• [COLLECTED DATA]
# # # # #

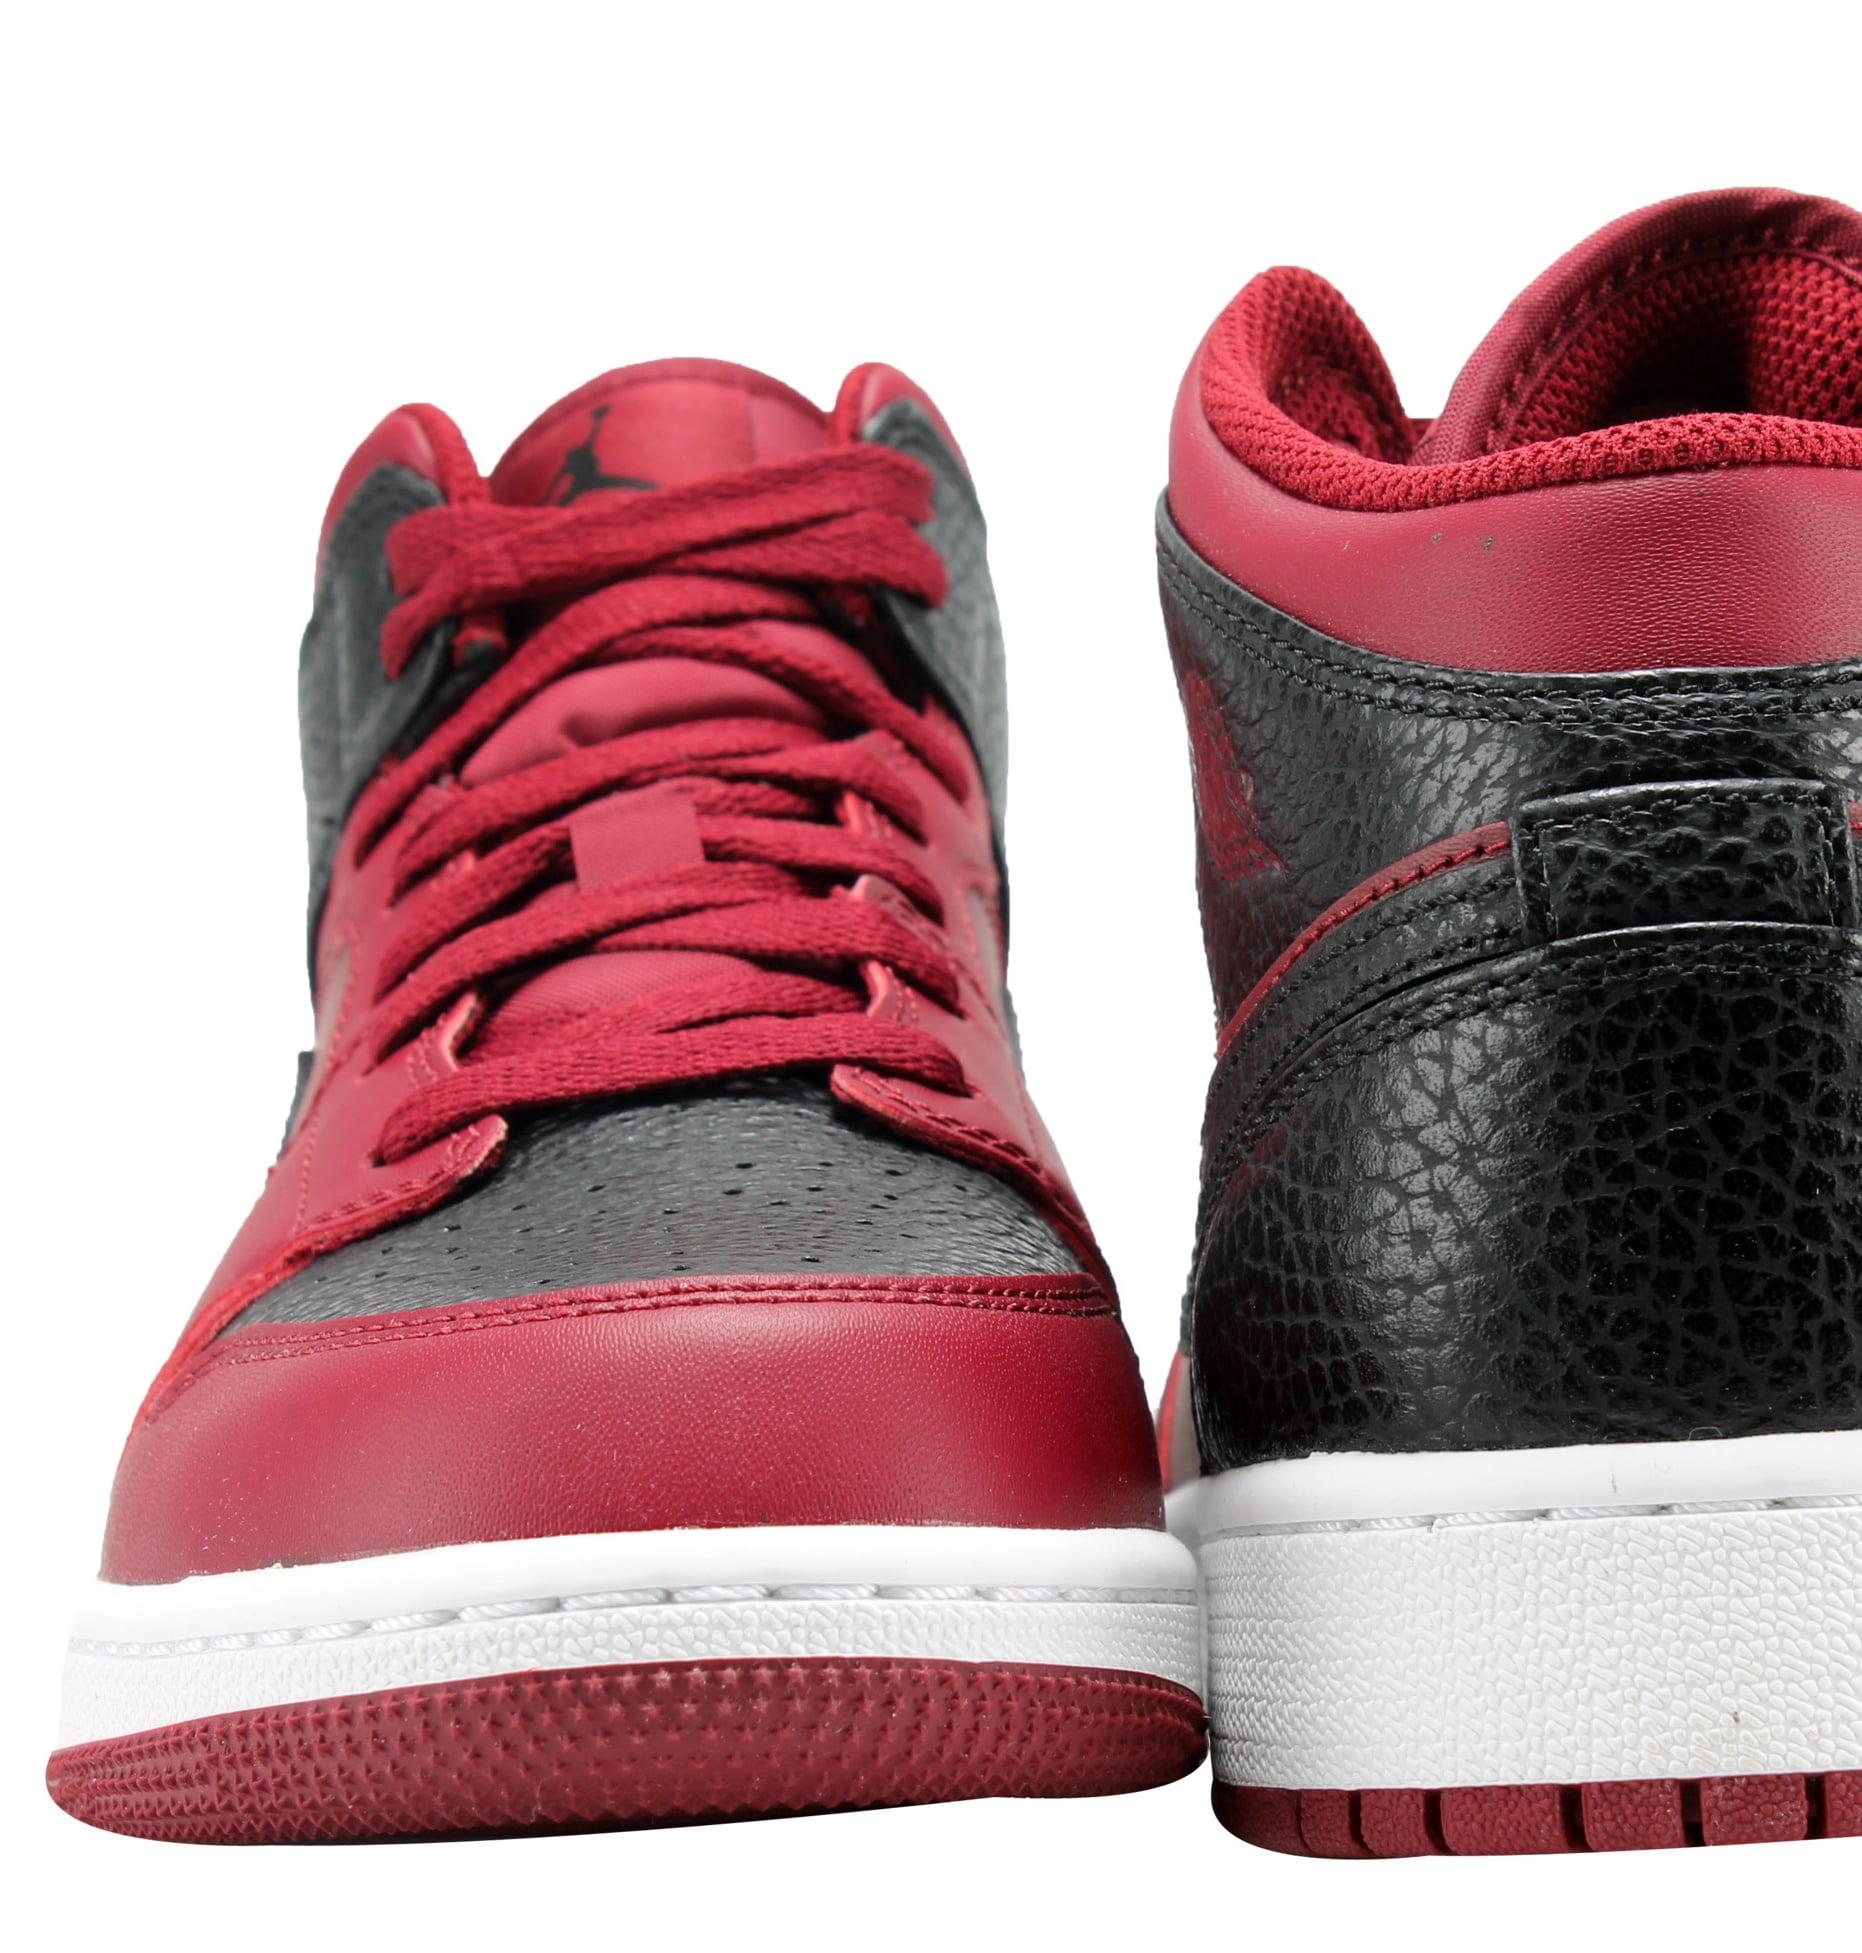 58ca5386a4fb8e Jordan - Nike Air Jordan 1 Mid Team Red Black-White Men s Basketball Shoes  554724-601 - Walmart.com
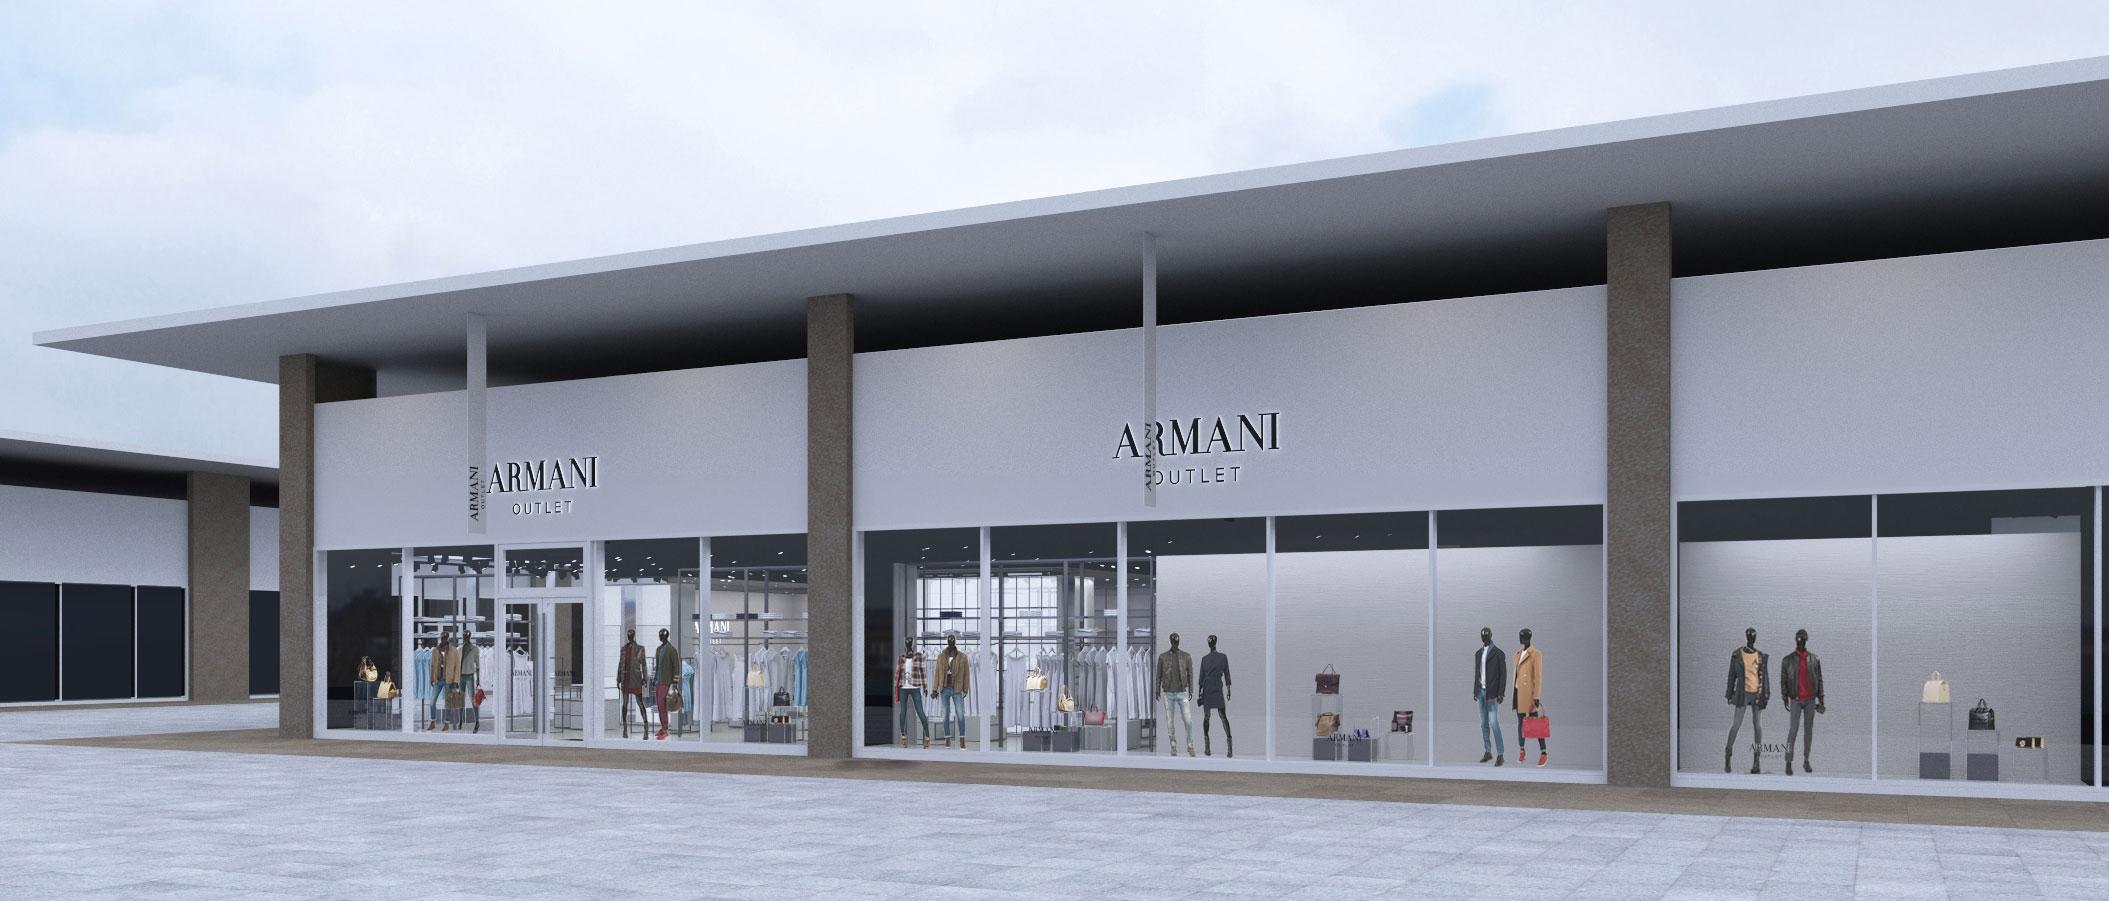 Milan Armani outlet refurbishment - outlet settimo torinese ...
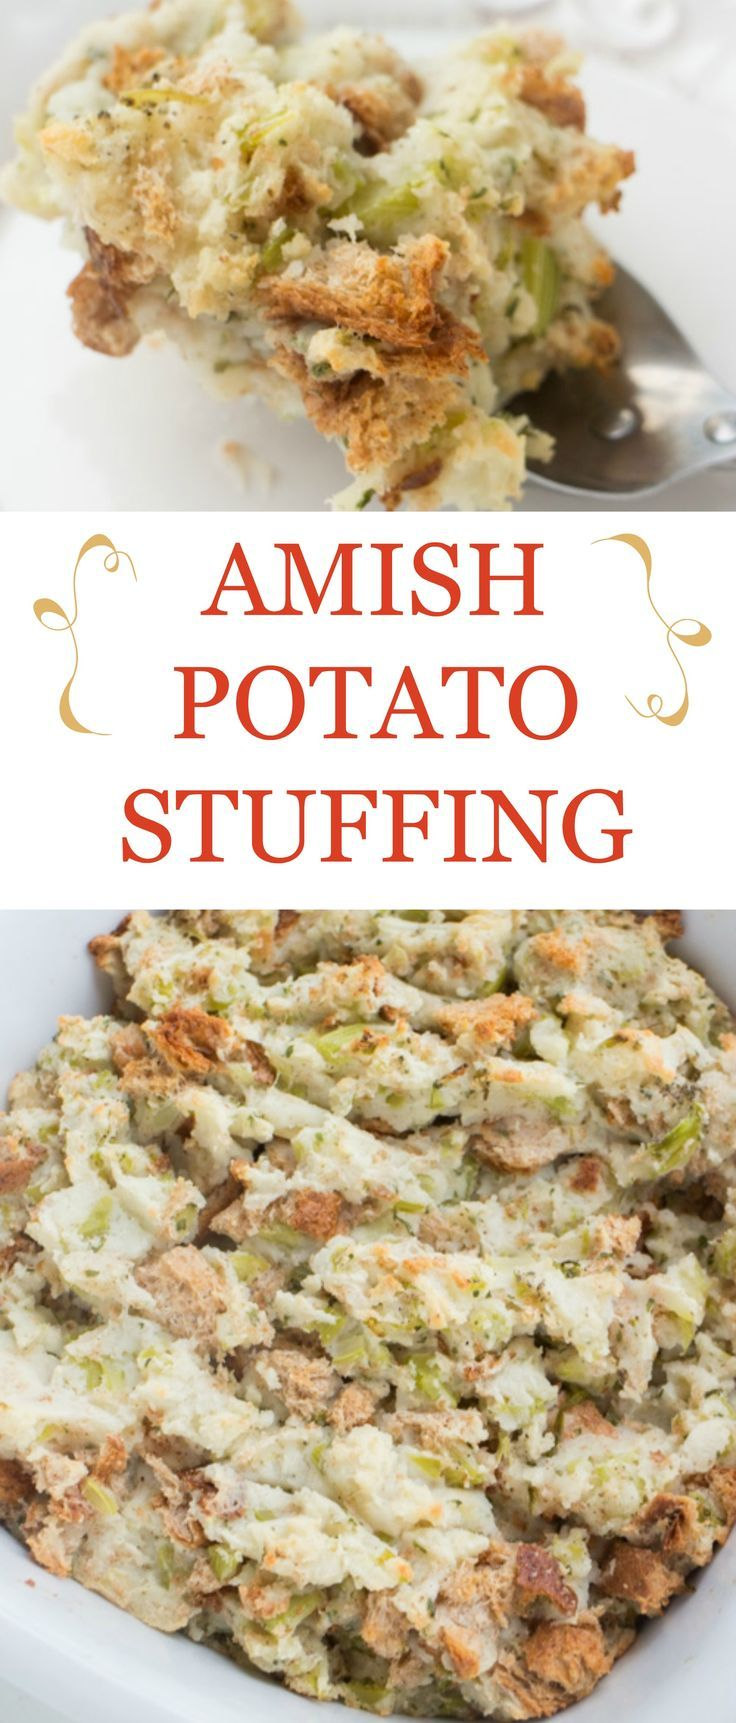 Amish Potato Stuffing : brooklynfarmgirl

# # # # #

• [WHAT THE EXERCISE ASKS] Leaving the pictures out, output all of the listing exactly.

• [SOLUTION]
 58ca5386a4fb8e Jordan - Nike Air Jordan 1 Mid Team Red Black-White Men s Basketball Shoes  554724-601 - Walmart.com
 Milan Armani outlet refurbishment - outlet settimo torinese ...
 Amish Potato Stuffing : brooklynfarmgirl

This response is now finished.